SUPPLIED MATERIAL:
• • • • •

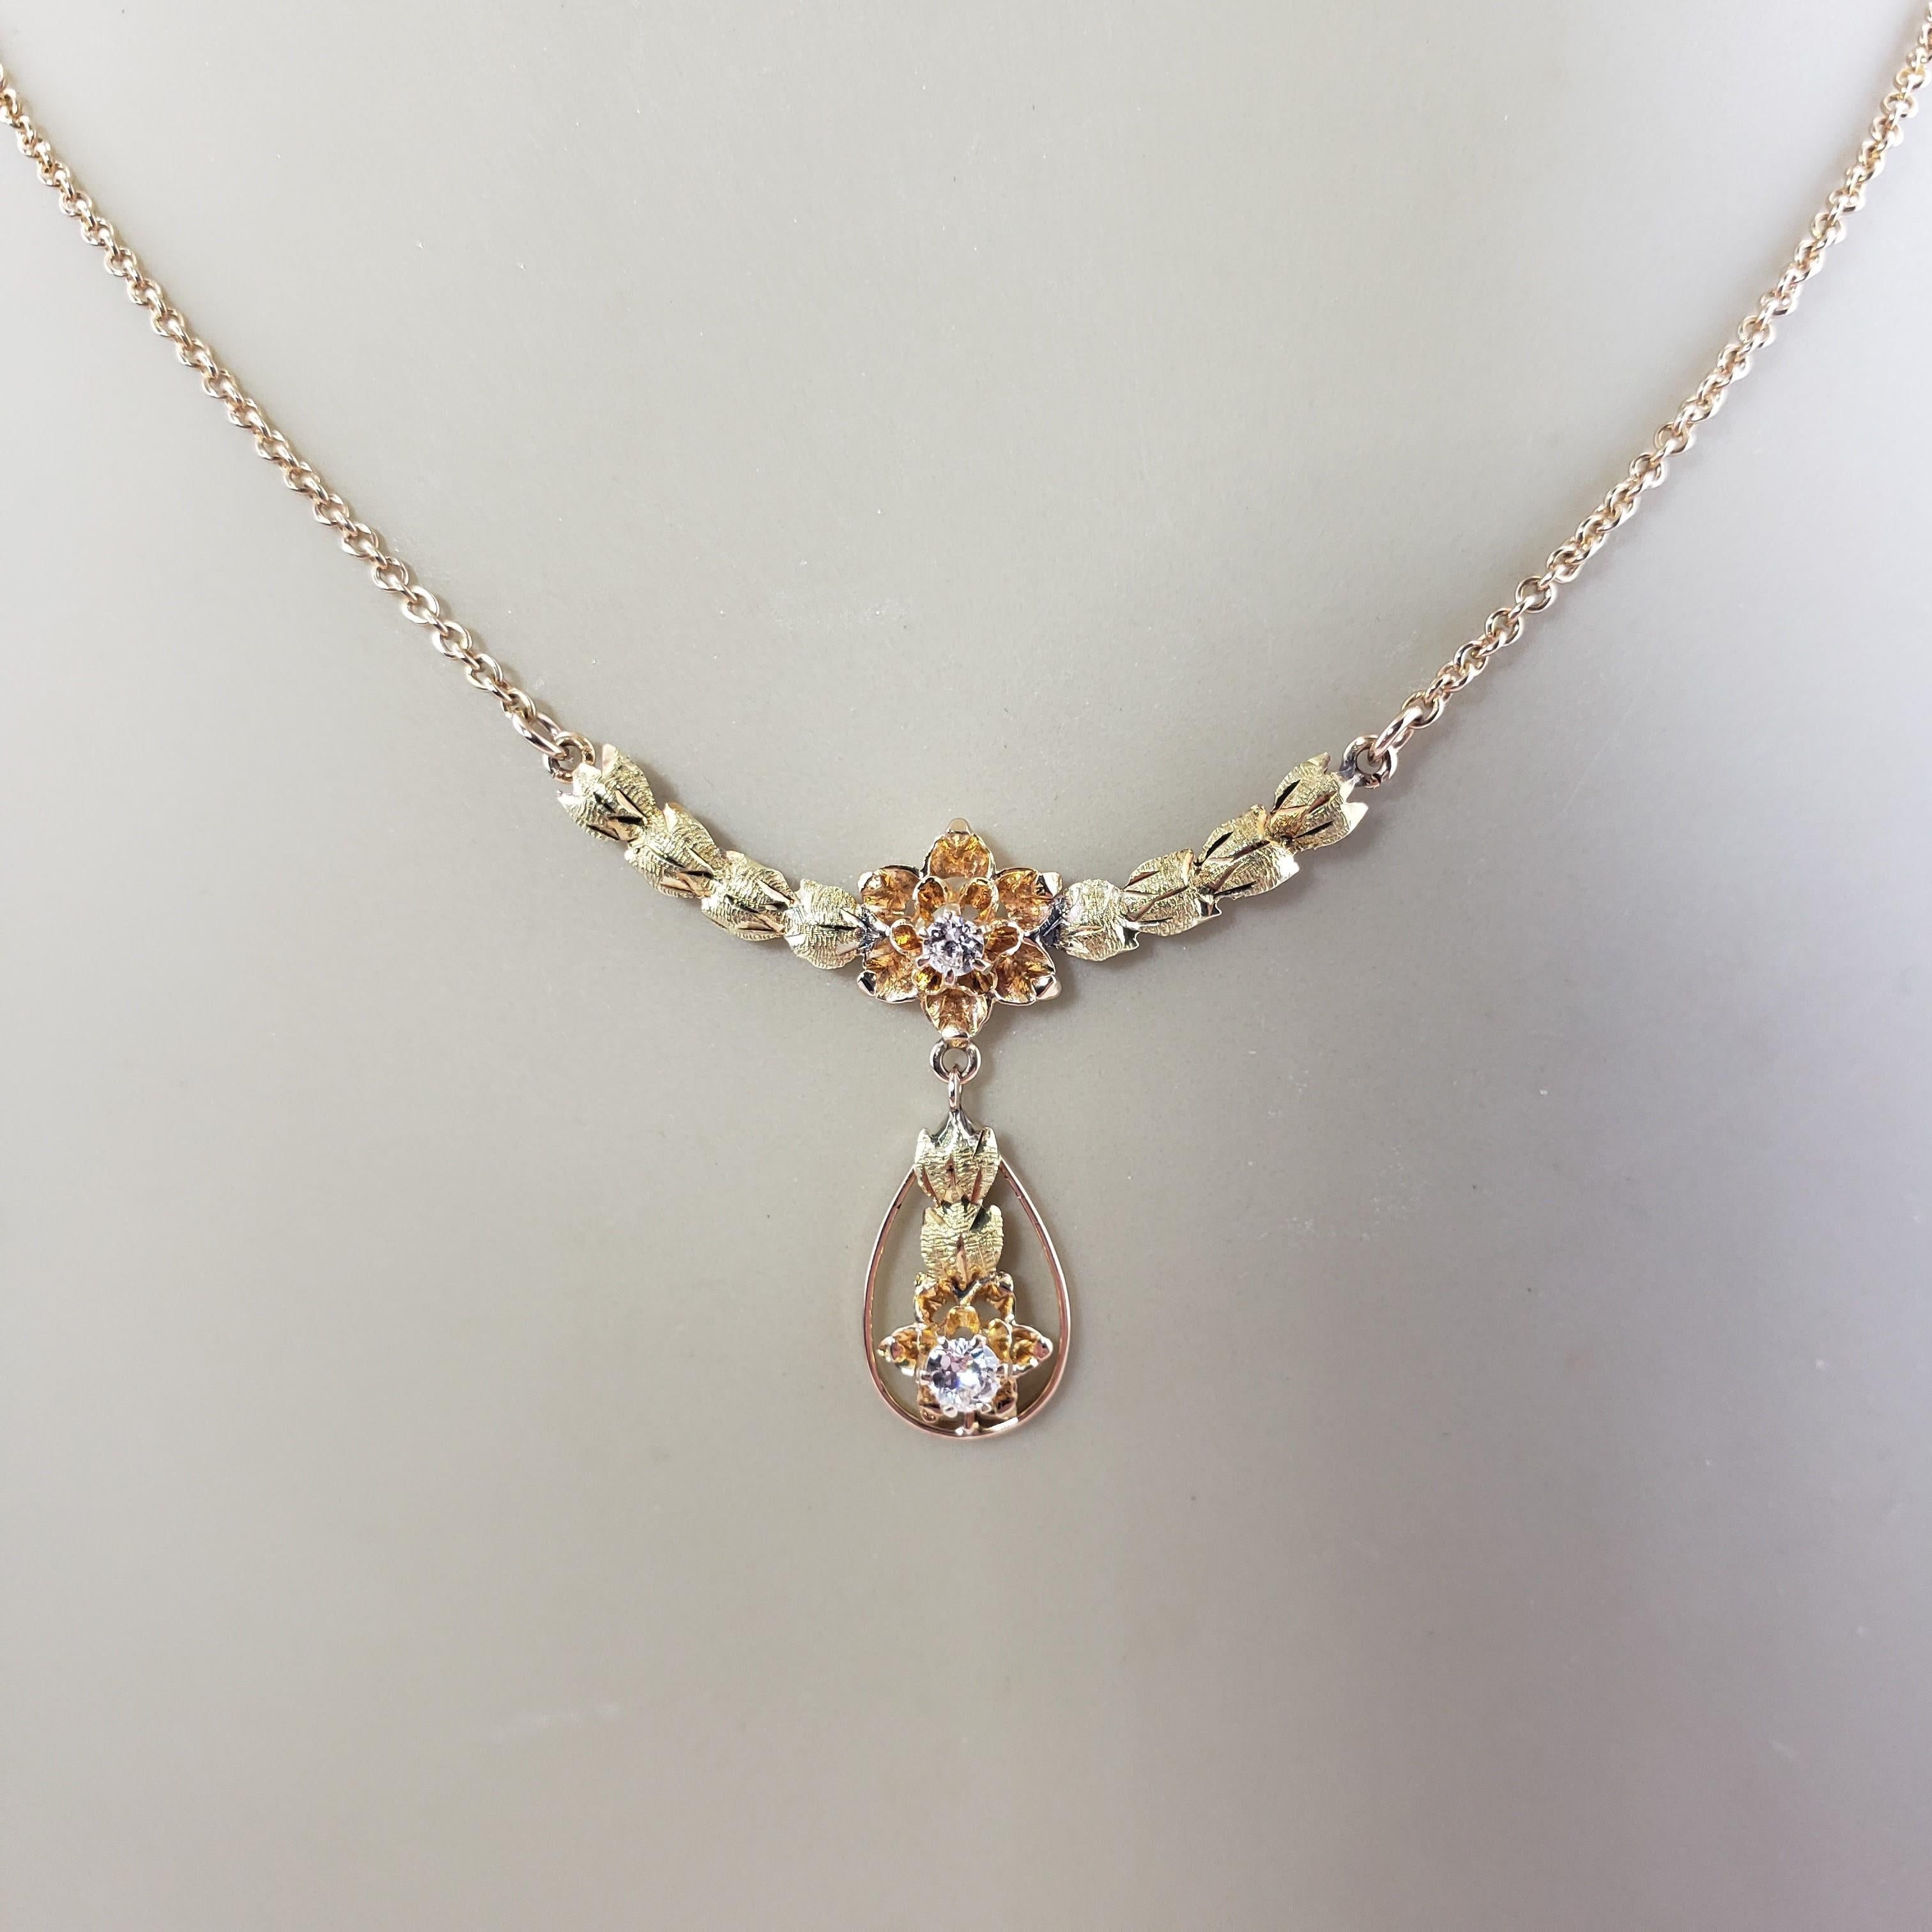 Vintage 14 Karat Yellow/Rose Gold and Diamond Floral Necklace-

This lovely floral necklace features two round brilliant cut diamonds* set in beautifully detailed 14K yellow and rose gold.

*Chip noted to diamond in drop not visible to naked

• • • • •

AIM OF THE EXERCISE: Give back an exact copy of the material above, omitting the pictures.

RESPONSE AREA:
 Vintage 14 Karat Yellow/Rose Gold and Diamond Floral Necklace-

This lovely floral necklace features two round brilliant cut diamonds* set in beautifully detailed 14K yellow and rose gold.

*Chip noted to diamond in drop not visible to naked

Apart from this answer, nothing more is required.